It would have been very easy if Congress had meant the statute to be broader than it appears. That’s a plain meaning argument. They enacted one word, not two words. Brennan says that it also preserves business freedom. But he anchors part of his analysis in the plain language of § 703 (j). So he’s inconsistent, and he may appear to be result-oriented.
Is it appropriate for the Court to ask whether Congress would have accepted a certain amendment if it had been offered? It may be that we’re trying to discover was Congress had in mind.
Rehnquist’s opinion
Consider Rehnquist’s opinion. He focuses on purpose too. He focuses on the act as a “bargain” or “deal” to be narrowly construed. One point that Brennan has scored off Rehnquist is that Rehnquist’s analysis would displace more common law than Brennan’s version. Rehnquist would forbid more conduct that was acceptable at common law. On the issue of displacing managerial prerogative, Rehnquist goes further than Brennan.

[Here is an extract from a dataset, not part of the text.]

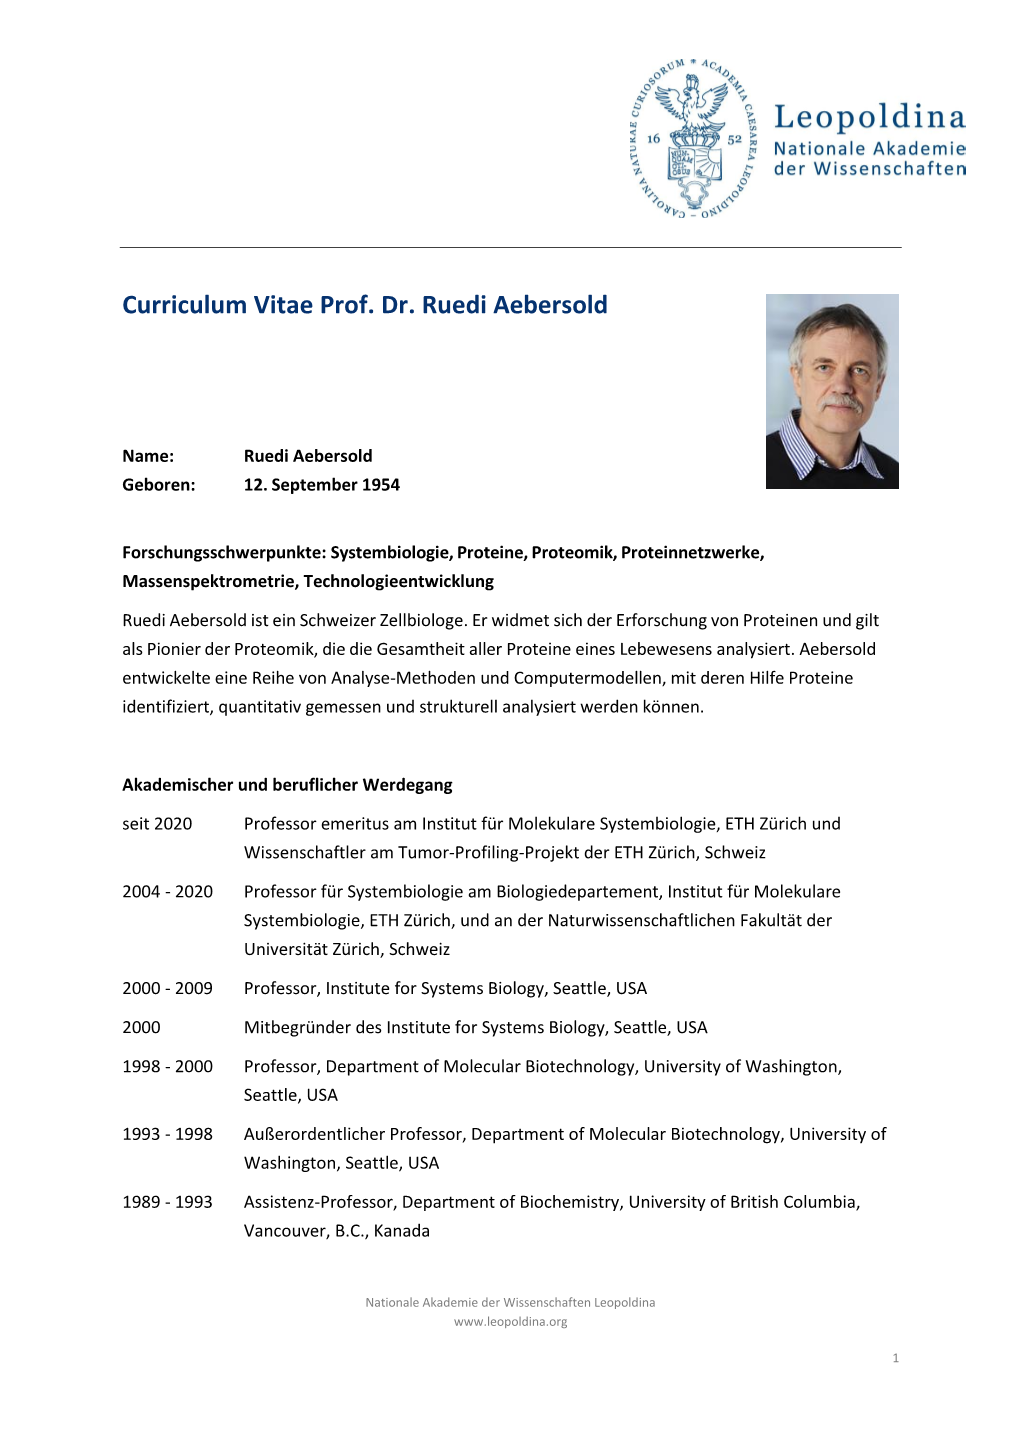 Curriculum Vitae Prof. Dr. Ruedi Aebersold

Rehnquist seems confident that he had smoking guns that suggest Congress meant to ban just the sort of activity that Brennan is prepared to allow. But is Rehnquist’s reliance on legislative history persuasive?
What about the speech by Celler? People aren’t making set speeches for no reason. Rather, they are responding to criticism.
According to Humphrey and Celler the bill won’t force employers to do stuff. Senators Robertson and Williams talk back and forth. The discussion is: “Are you going to promote someone solely because they are black?” That’s not necessarily what’s going on in Weber. Or maybe it’s contestable. Rehnquist thinks he has smoking guns.
But the counterargument is that everything that is being said is an effort by supporters of the bill to counter attacks by Southern legislators that “Big Brother” is going to “make you do things”.
In this case, we have an “arguable violation” theory. Many what you’re doing isn’t totally voluntary, but rather trying to stay “one step ahead of the law”. You do this by negotiating with the union. The union could get sued too.
Why is there silence in the Congressional Record? Why isn’t the word “permit” included?
You could argue that the legislators didn’t fully contemplate the current effects of past discrimination. Part of what’s going on is that Brennan and Rehnquist are taking an “originalist” approach: what did the Congress of 1964 have in mind?
Notice that affirmative action didn’t exist in 1964. So why would Congress have thought about it in 1964?
Blackmun’s opinion
The key phrase is: “additional considerations, practical and equitable, only partially perceived, if perceived at all, by the 88th Congress”. How is this different from originalism?